▸ **Available data**:
———

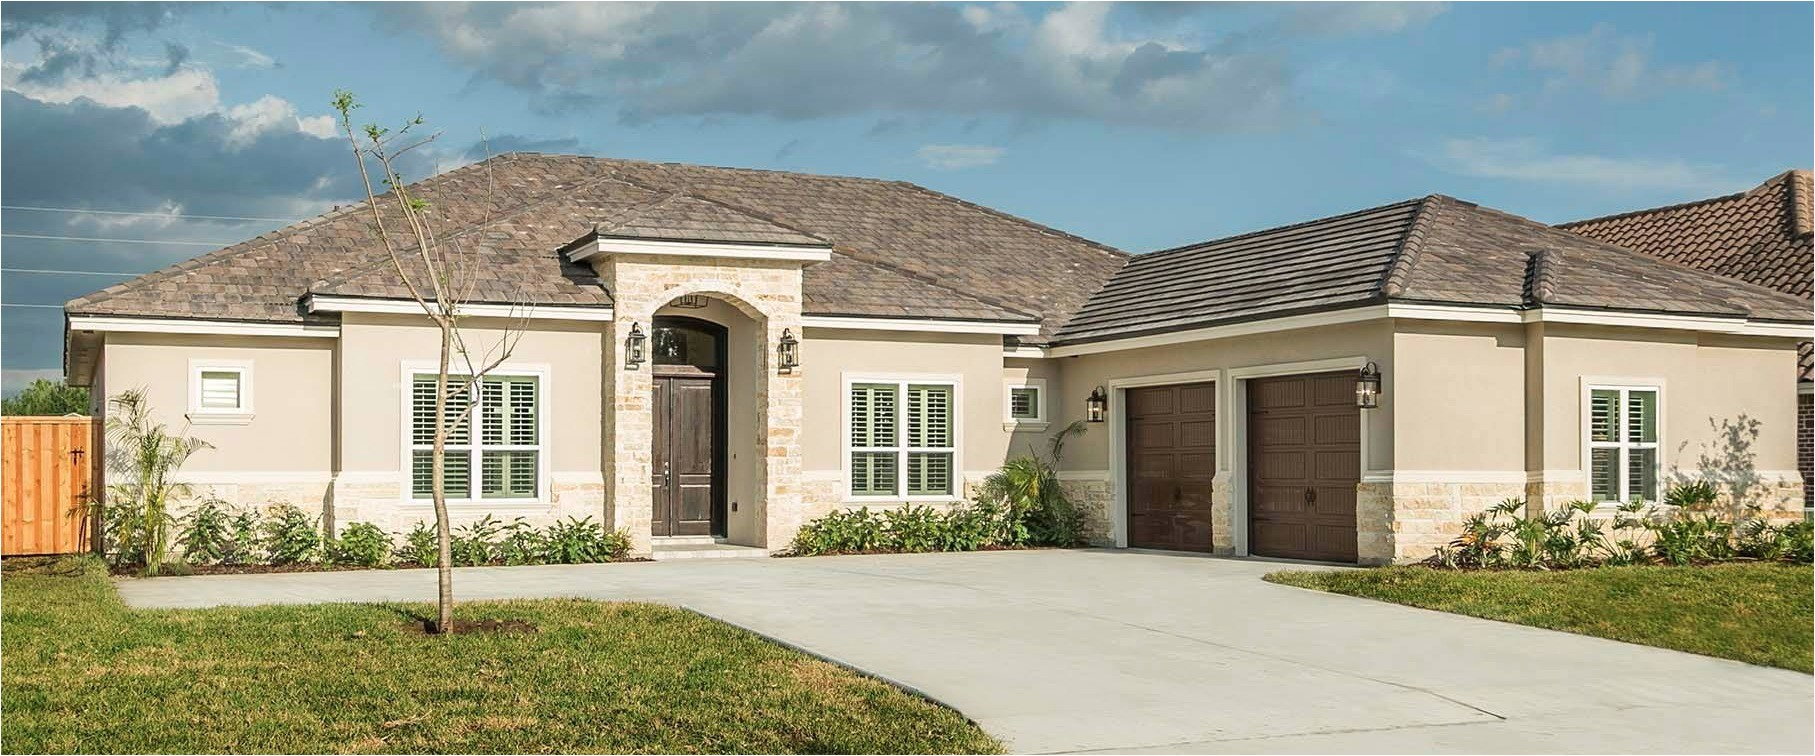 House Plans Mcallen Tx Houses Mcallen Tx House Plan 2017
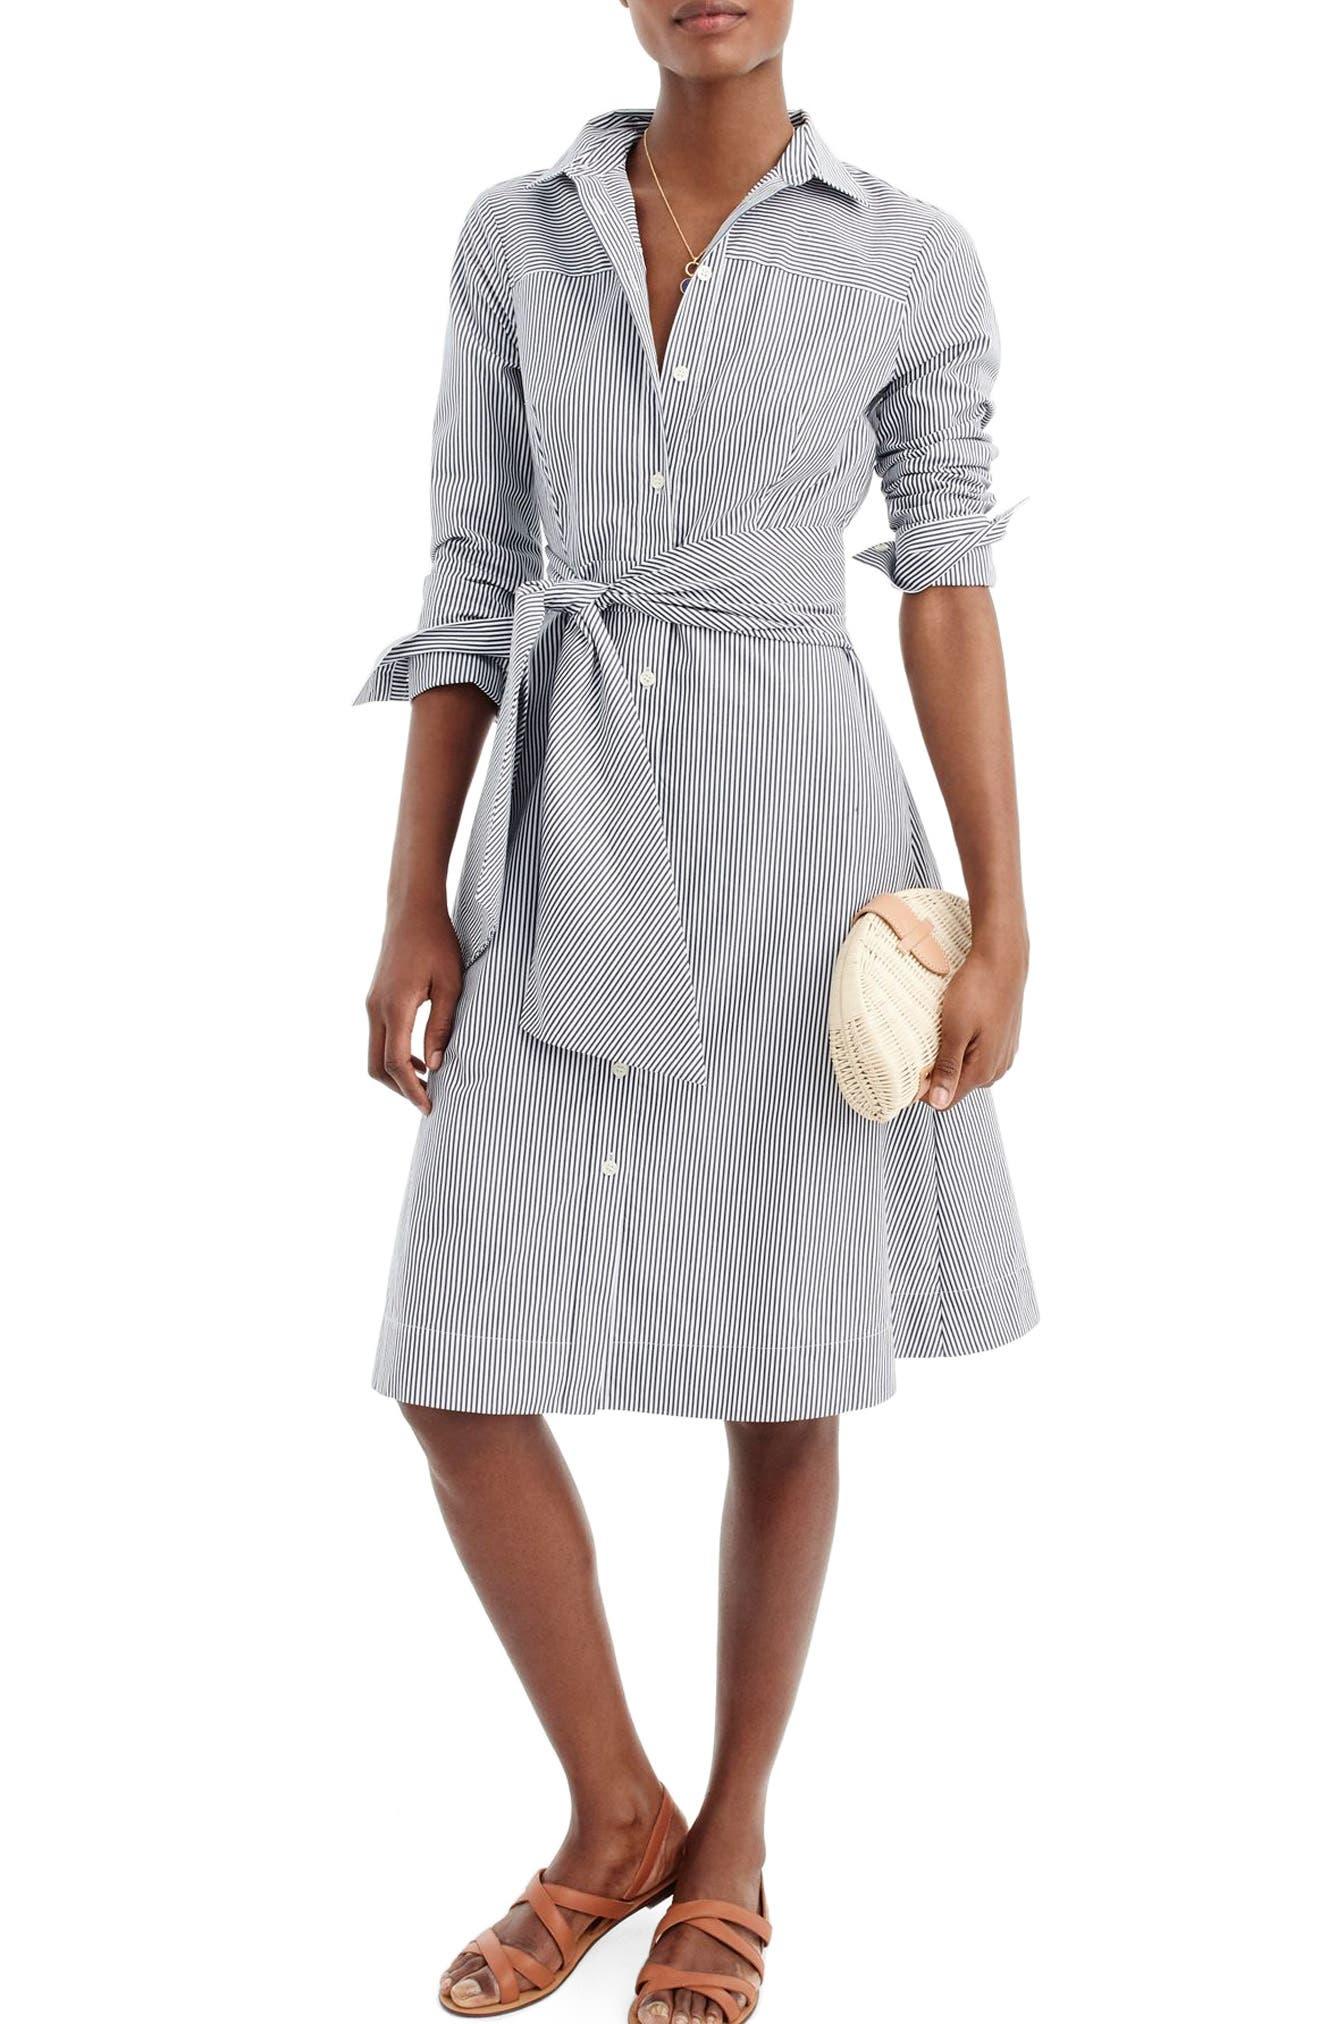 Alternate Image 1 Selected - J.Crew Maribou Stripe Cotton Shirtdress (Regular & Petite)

———

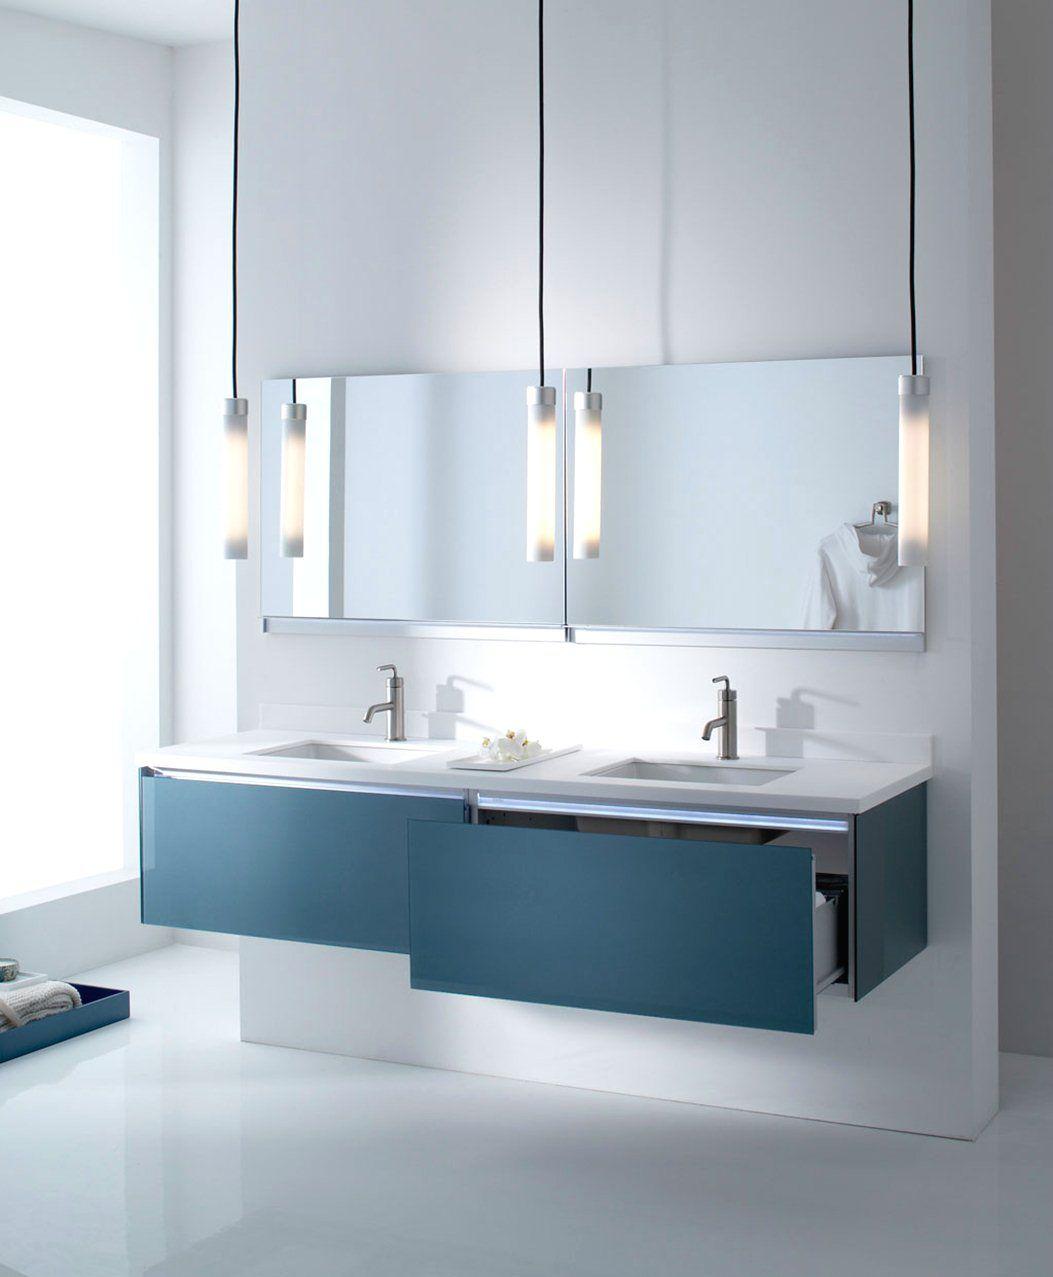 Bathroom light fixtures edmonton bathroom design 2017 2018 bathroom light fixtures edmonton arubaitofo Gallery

———

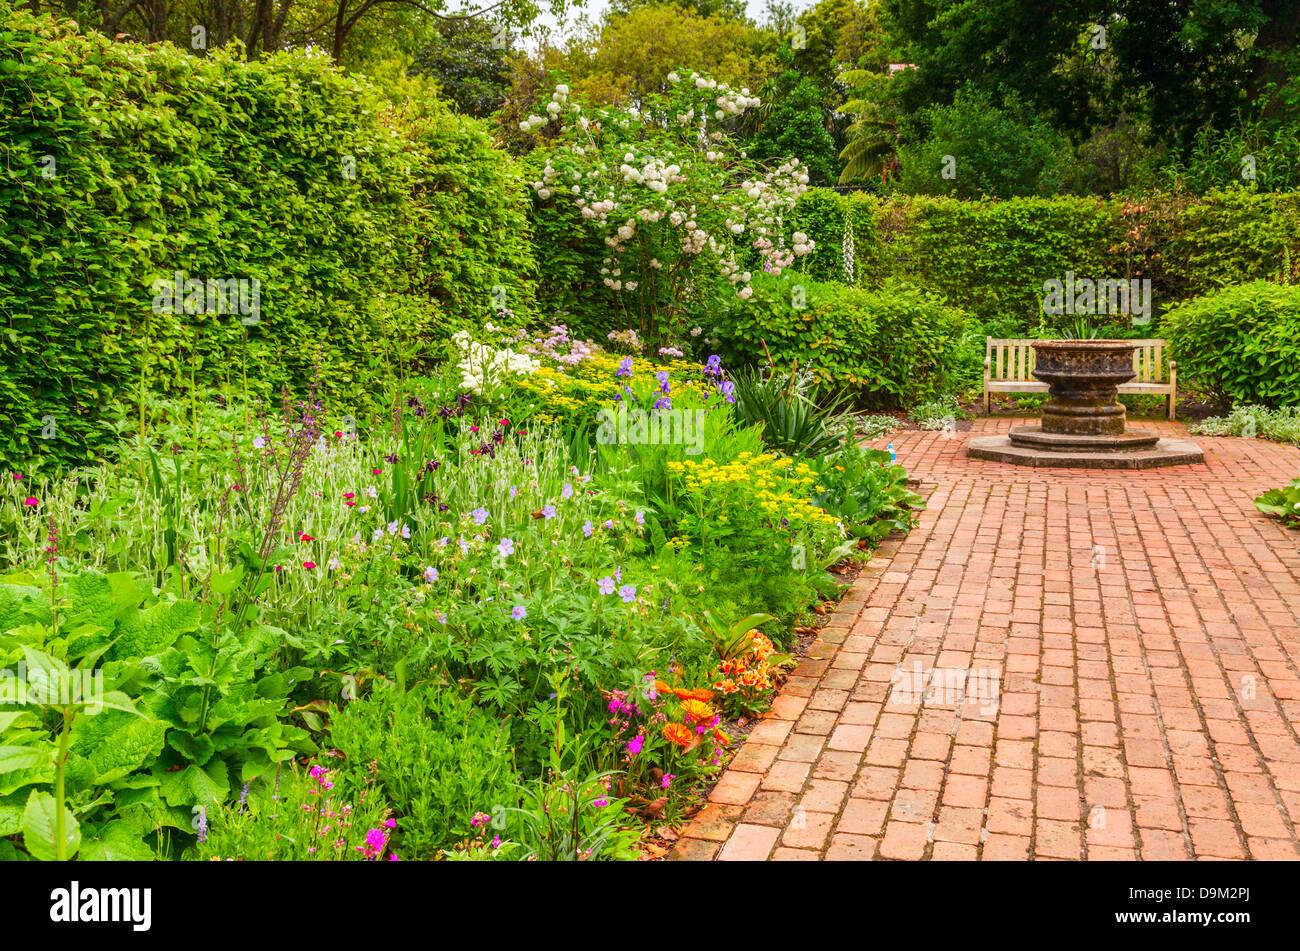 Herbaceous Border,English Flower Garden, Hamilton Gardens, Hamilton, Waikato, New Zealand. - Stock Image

———

▸ **Problem statement**:
Within the entries above, give again exactly the lines starting at the one that contains "House Plans Mcallen" and ending at the one that contains "Alternate Image 1", leaving out the pictures.

▸ **Result**:
 House Plans Mcallen Tx Houses Mcallen Tx House Plan 2017
 Alternate Image 1 Selected - J.Crew Maribou Stripe Cotton Shirtdress (Regular & Petite)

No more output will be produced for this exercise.